Import the functions and load the NCR text documents. The documents will be stored as `langchain` objects in the "documents" class, and we will explore some of the properties of that class.

In [1]:
from populate_database import *

documents = load_documents()

We know the three PDFs have 16 pages, 116 pages, and 32 pages each. So we can check that the loader splits the document up into objects by page.

In [2]:
len(documents)

5

Check out the metadata per object.

We see a dictionary with the file name, but since this is unstructured text we have no page number.

In this branch, we're going to use lookup table to add the source URL to the metadata dictionary. (See `calculate_chunk_ids()` below.)

In [3]:
print(documents[0].metadata)

{'source': 'data/Utqiagvik.txt'}


Now let's look at the page content for the object. If you compare to the NCR website, you will see that this is all of the text on the entire page, even text associated with graphics. Here we can see that some of the information lacks context because we don't have any images or specific spatial arrangement of the text.

In [4]:
print(documents[0].page_content)

University of Alaska Fairbanks  |  Alaska Climate Adaptation Science Center

Home

About

Credits

Data

Places

Northern Climate Reports

Ecological futures in stories, charts, and data

A changing climate is altering Northern landscapes.

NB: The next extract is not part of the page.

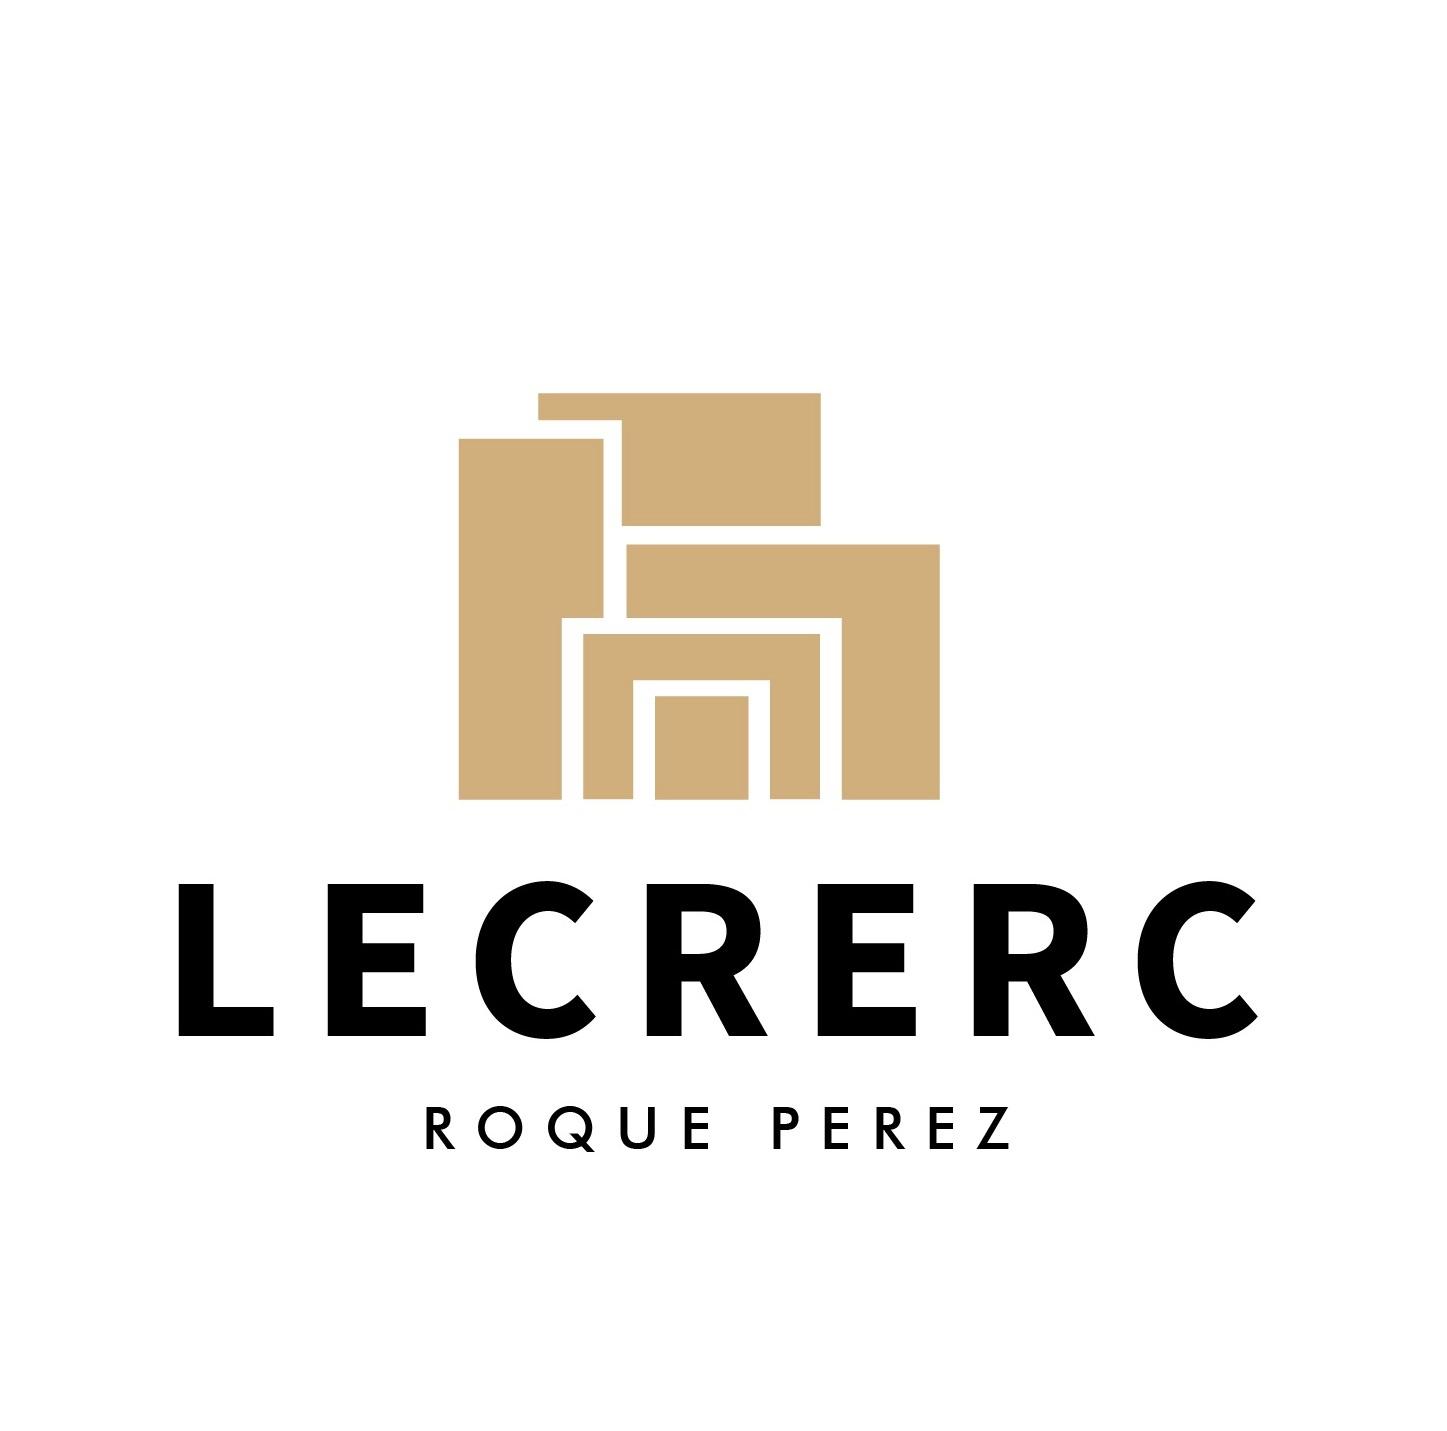 LECRERC Roque Perez, duplex internos en el centro de Roque Pérez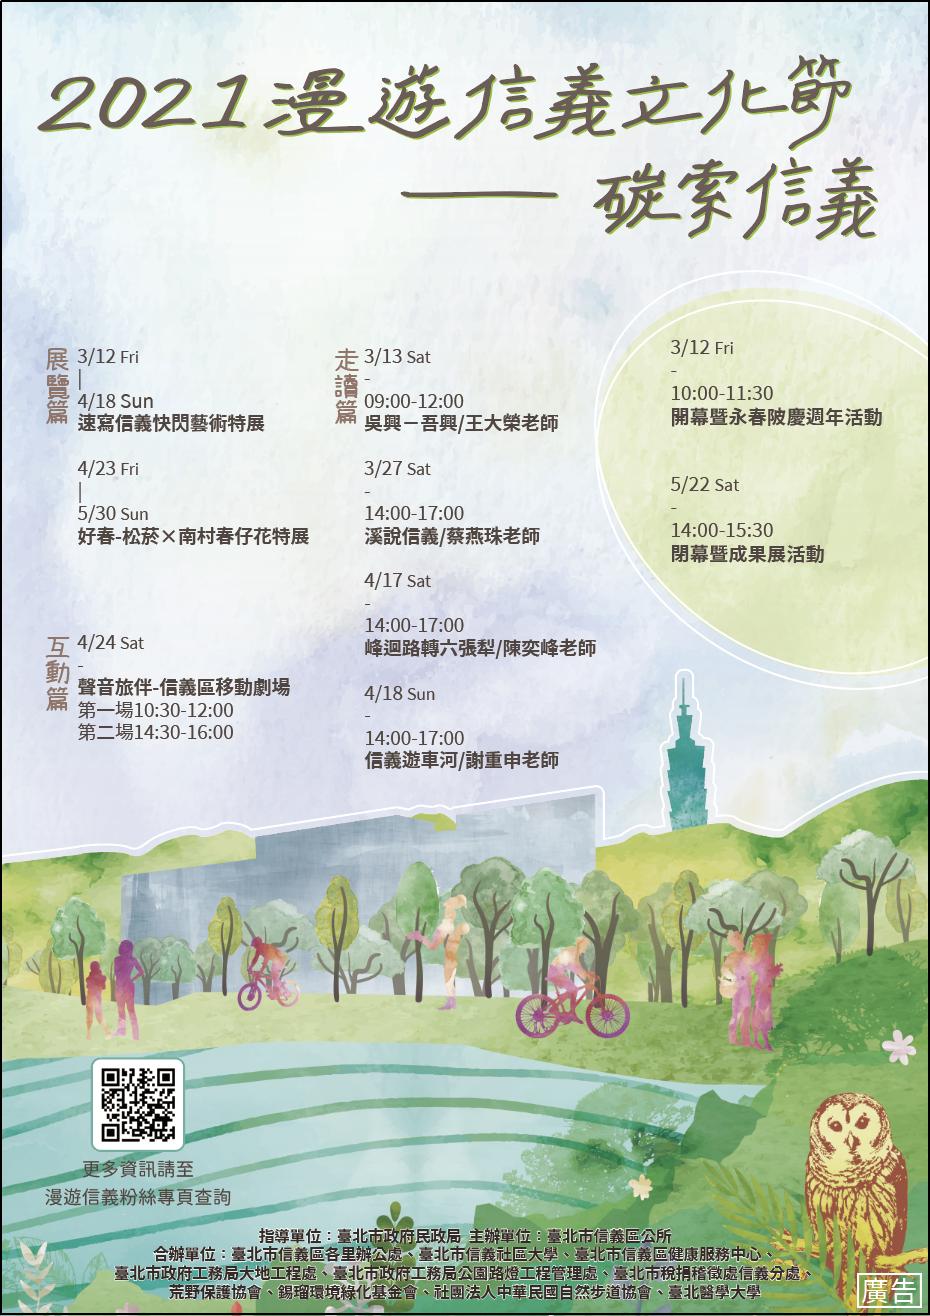 「2021漫遊信義文化節-碳索信義」

Explore these changes with easy-to-understand climate model projections.

Projected Conditions for Utqiaġvik (Barrow)

In Utqiaġvik (Barrow),

average annual temperatures

may increase by about 18°F by the end of the century.

Winter temperatures are projected to increase the most (+31°F).

Models have higher uncertainty with regard to precipitation,

but summer is likely to have more precipitation (+76%).

In the past, this area had very low flammability. Future flammability may be about the same.

Based on climate and fire-driven shifts, vegetation in this area may be notably different by the end of the century.

Summary across all models and scenarios. See tables and sections below for more detailed information and definitions.

Introduction

The

For unstructured text, we are using `langchain`'s `RecursiveCharacterTextSplitter` function just like with the PDFs, which attempts to keep larger units (e.g., paragraphs) intact.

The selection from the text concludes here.